[WHAT YOU HAVE TO DO] Output exactly, and only, the stretch of lines beginning at the line with "Now Intelligence - ServiceNow" and ending at the last line of the listing below. Drop the pictures.

[DATASET EXTRACT]
——

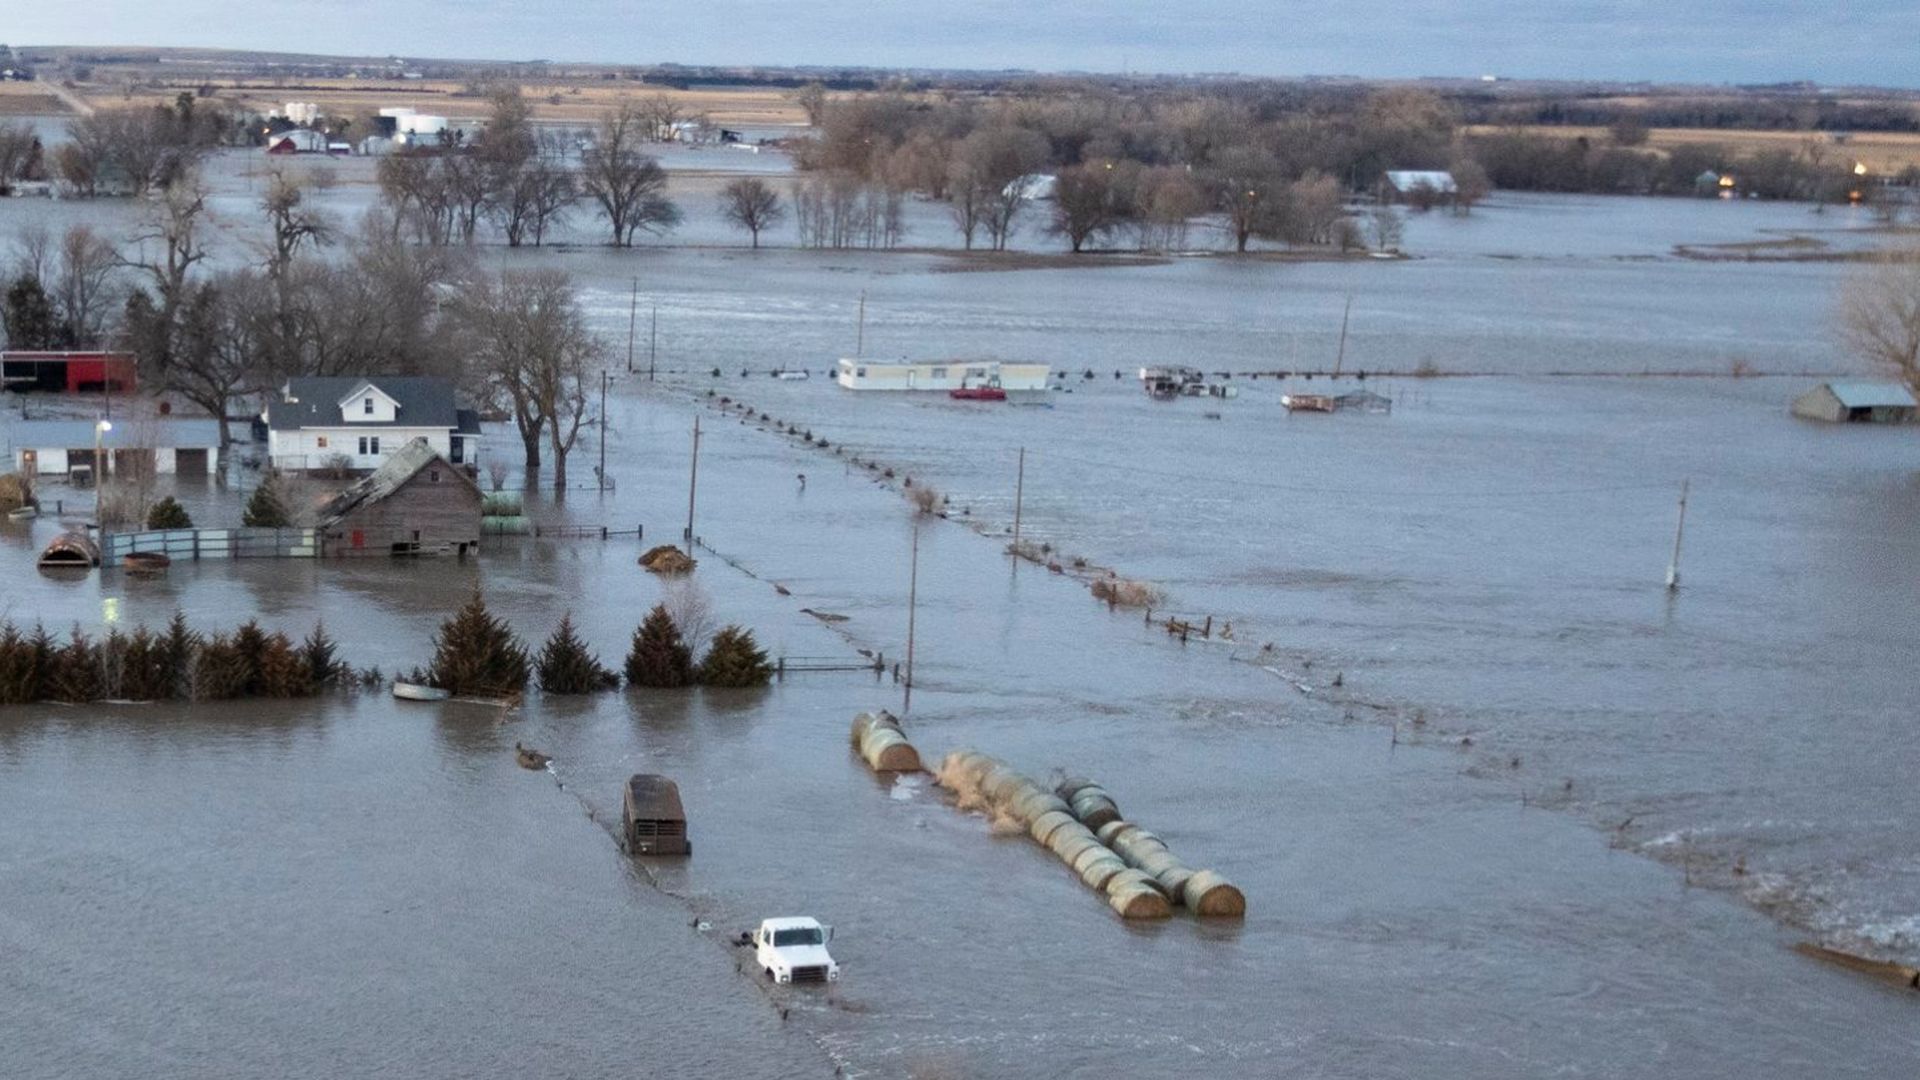 This Nebraska National Guard photo shows the devastating impact of the flooding.
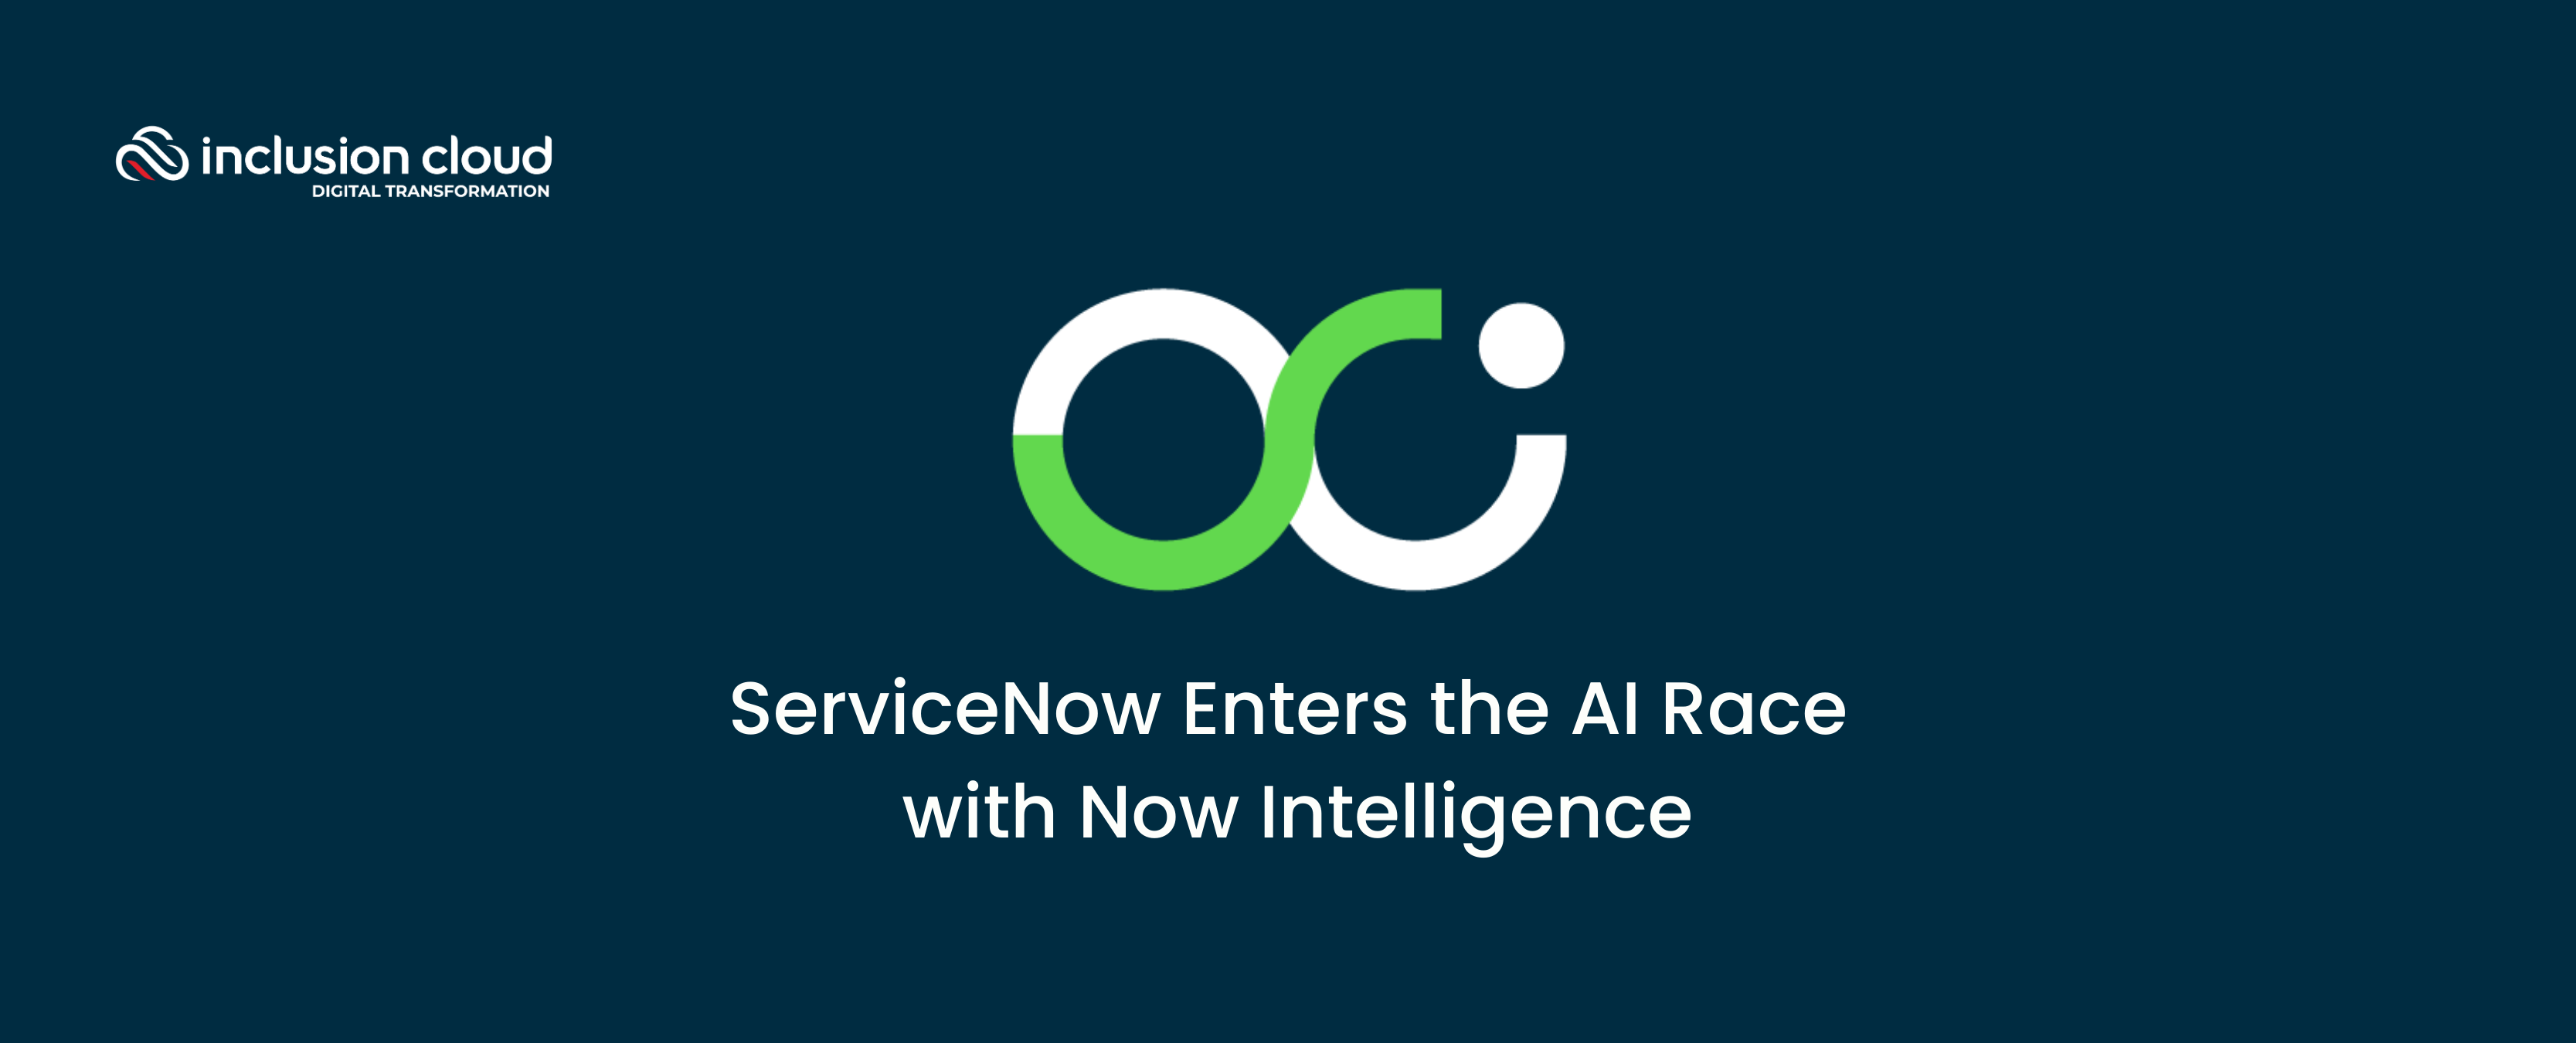 Now Intelligence - ServiceNow
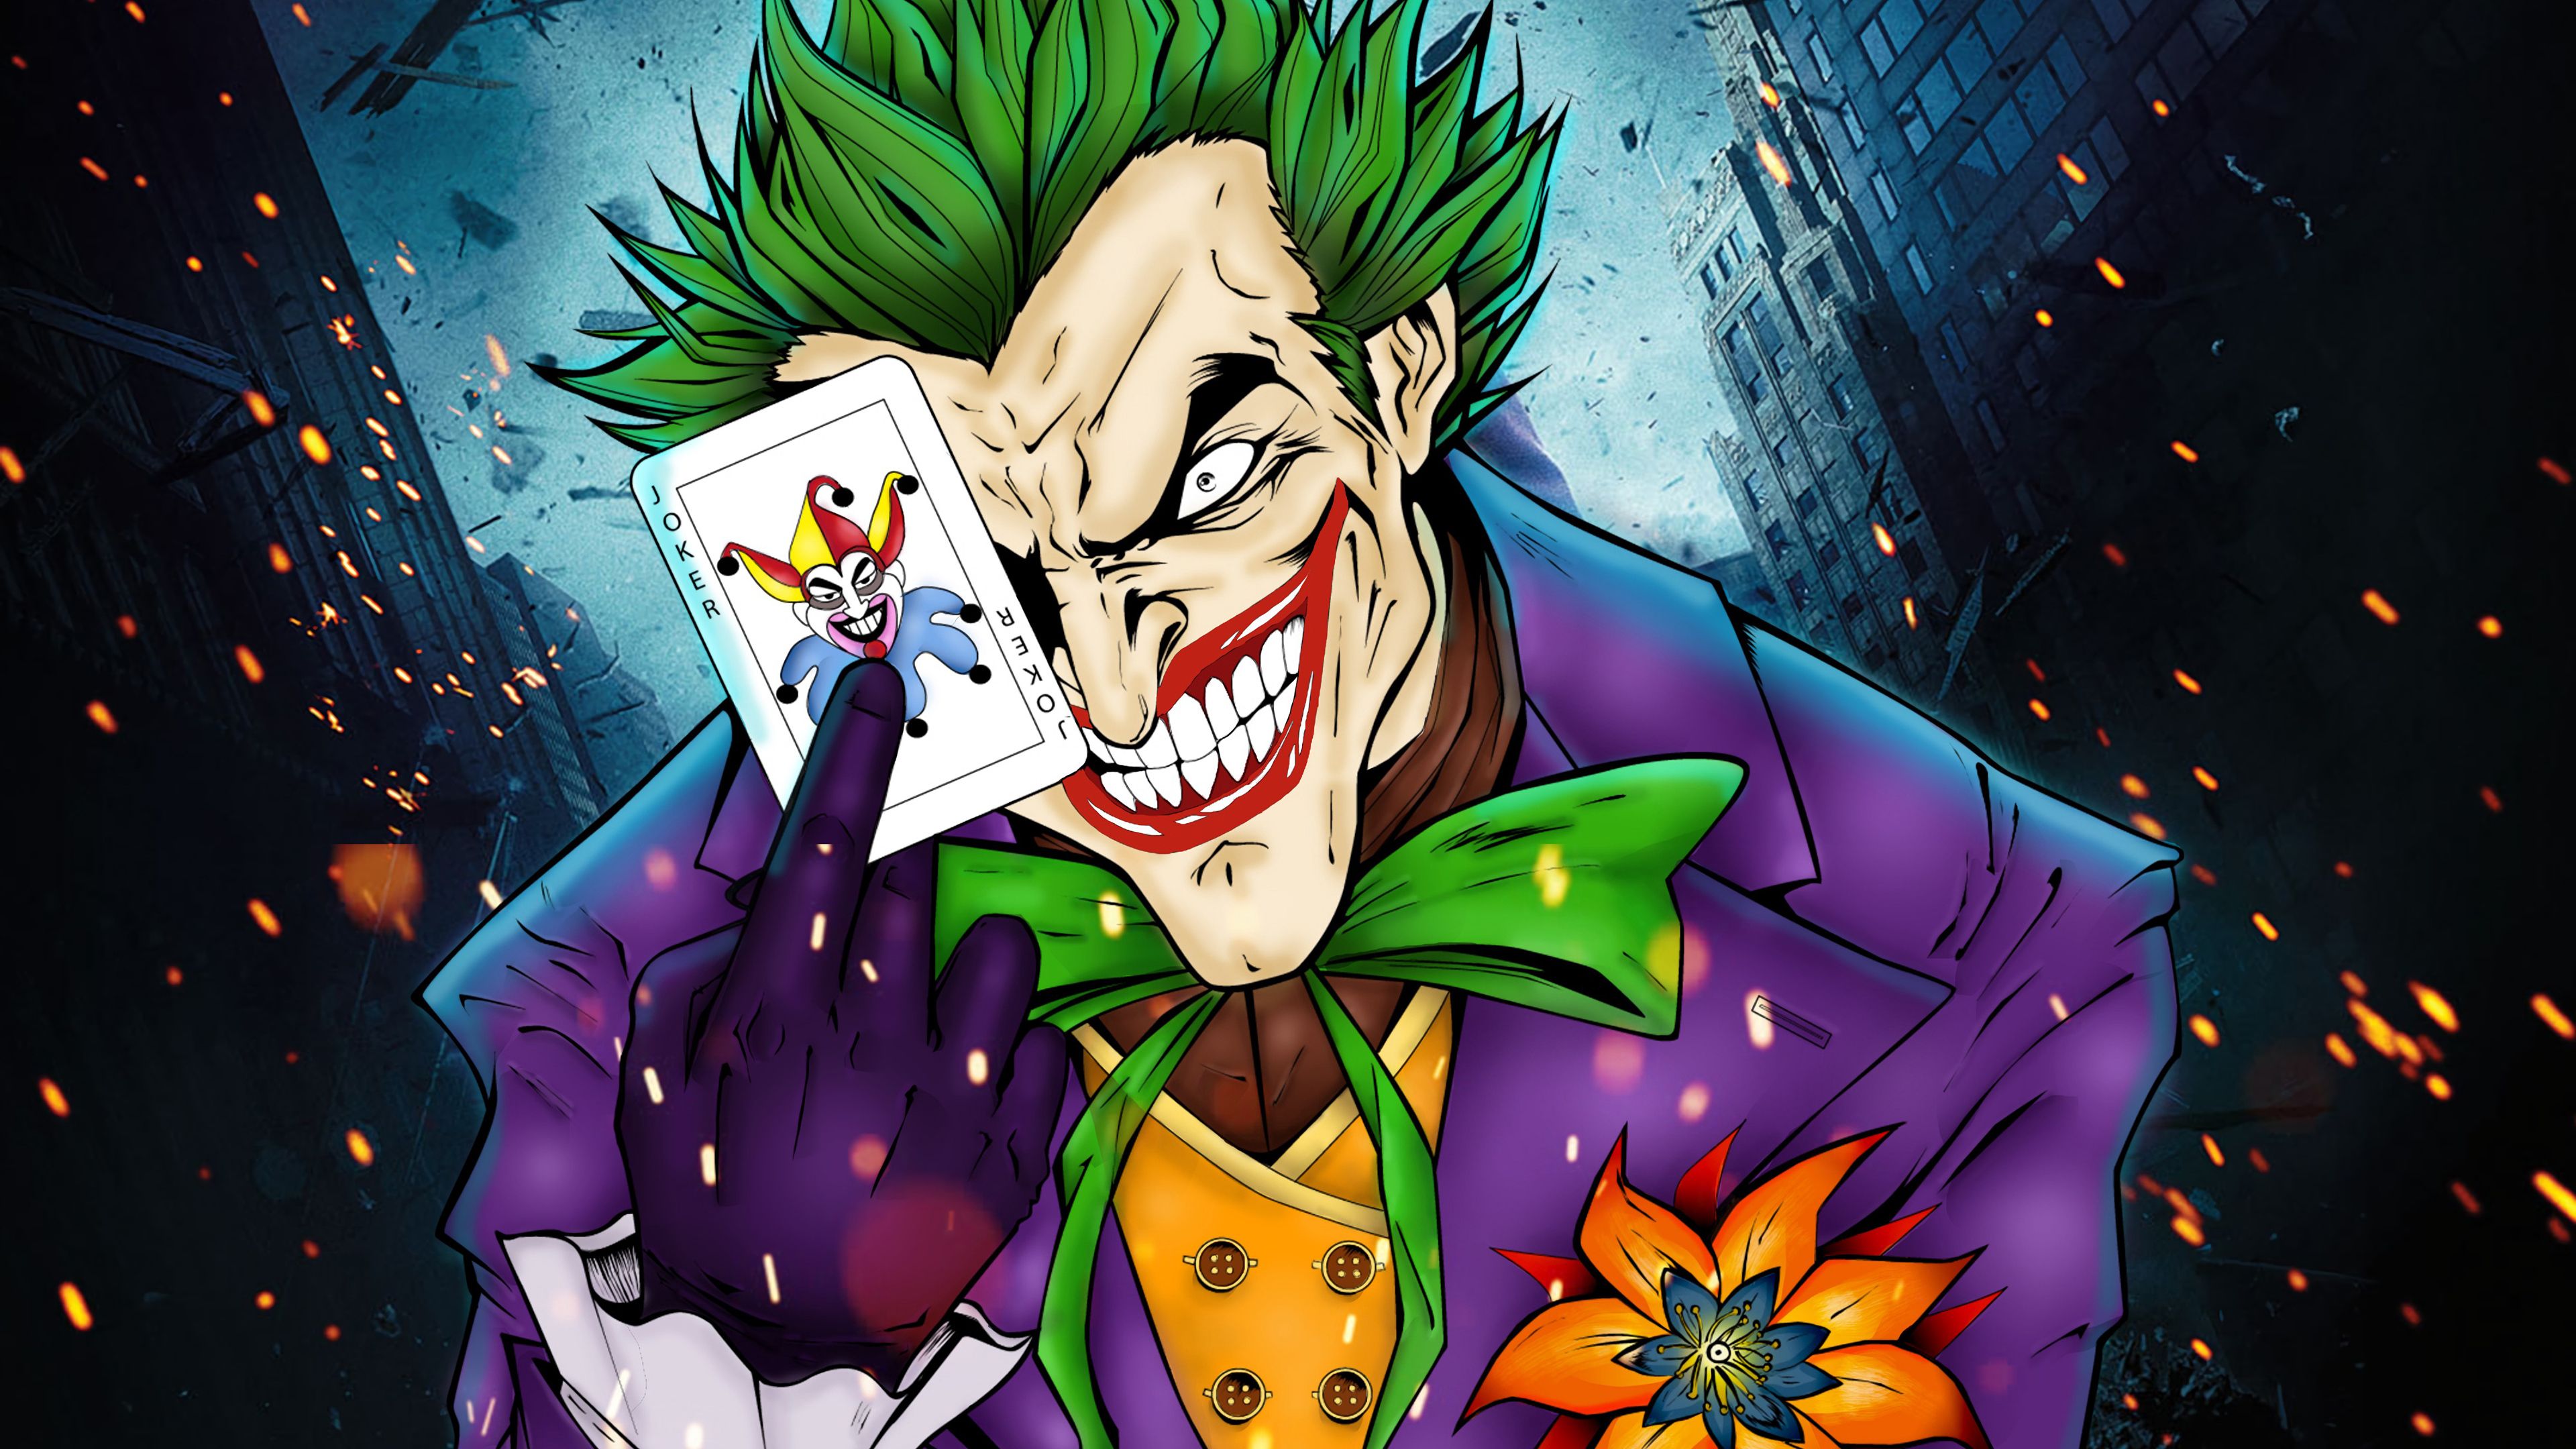 Joker flow biography

——

[YOUR SOLUTION]
 Now Intelligence - ServiceNow
 Joker flow biography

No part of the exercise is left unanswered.